Implementing backpropagation in Theano I have been playing around with Theano for a while and read a lot of code examples and it looks like every time Theano graph needs to find gradients for a list of parameters it uses T.grad() function. Reading up on the grad() implementation, it seems that it is not doing backpropagation, but rather relies on chain rule and individual ops knowing how to differentiate themselves. 
Am I correct? How are the results different using this two methods? Does it make sense to implement backpropagation in Theano?
 A: You're correct that automatic differentiation (including theano's grad function) just uses the chain rule. The interesting point is that this is also how backpropagation works; it's just the chain rule. The standard backprop equations for computing the weight update direction amount to computing the gradient of the loss function with respect to the parameters.
The traditional way of training a network with backprop looks like this:


*

*Forward pass. Compute the activations and loss function, given the inputs and parameters. These will be used for computing the gradient in the next step.

*Backward pass. Compute the gradient of the loss function with respect to the parameters.

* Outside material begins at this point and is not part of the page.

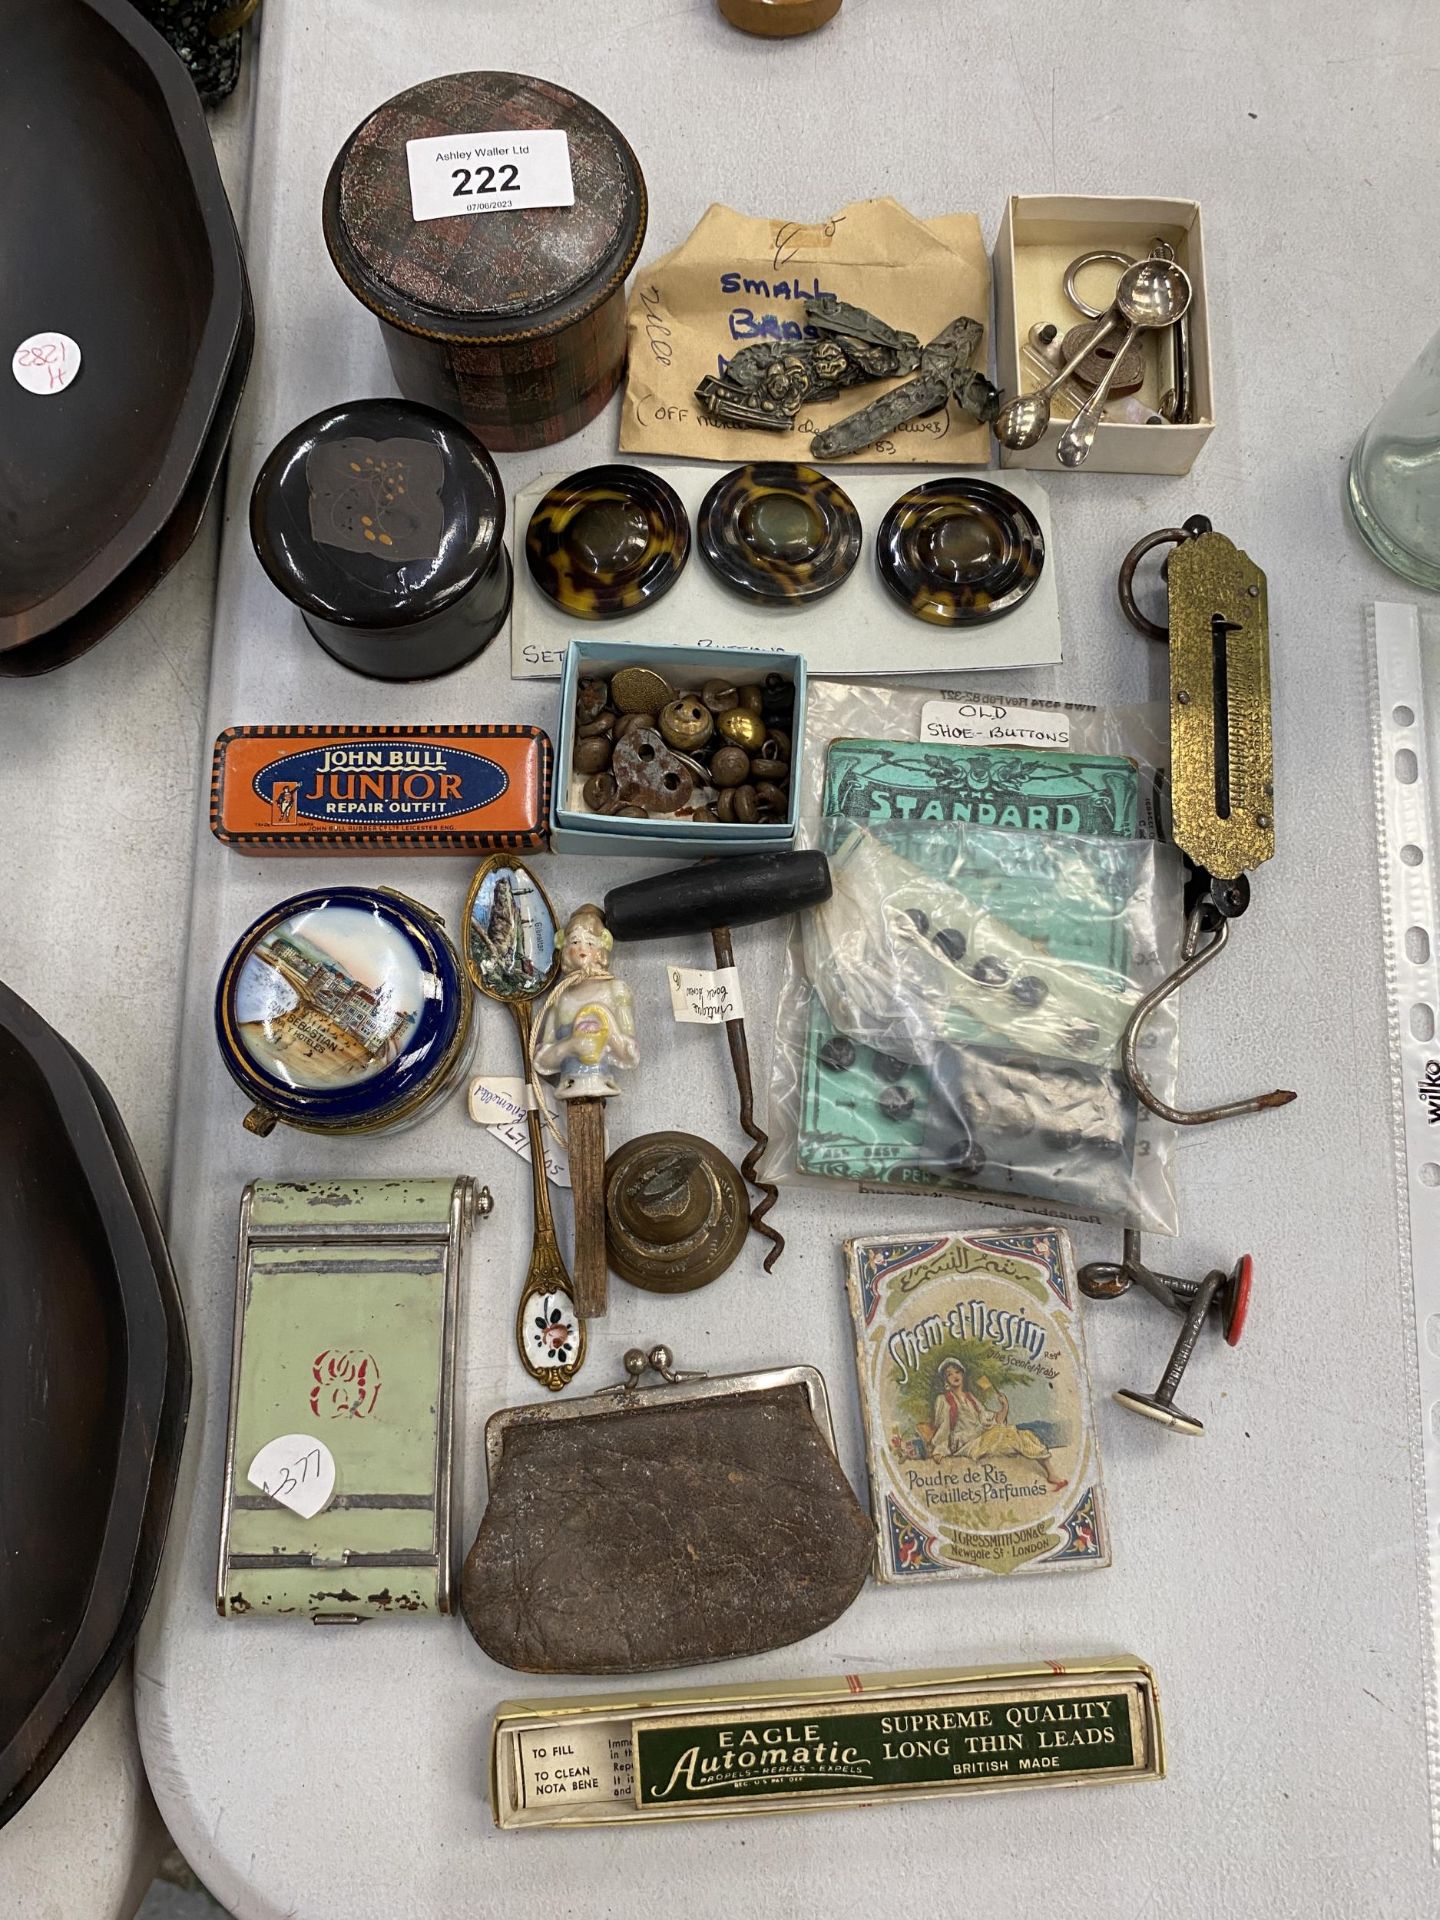 A MIXED VINTAGE LOT TO INCLUDE SMALL BRASS MOTIFS, TRINKET BOXES, VINTAGE BUTTONS, CIGARETTE CASE,

*Update parameters by moving in the direction opposite the gradient, with some step size.
So, traditional backprop training is just gradient descent. When you compute the gradient with theano, the result will be identical to what you'd get with the forward and backward passes using the backprop equations. Under the hood, theano is using reverse-mode automatic differentiation which, in the case of neural nets, is equivalent to the backprop equations (perhaps modulo some optimizations of the computational graph that theano might make to increase efficiency).
To complete the backprop training implementation, you'd just have to add some code for updating the parameters, given the gradient. Of course, there are many fancier modifications of the traditional gradient descent update rule, which you could use to boost performance.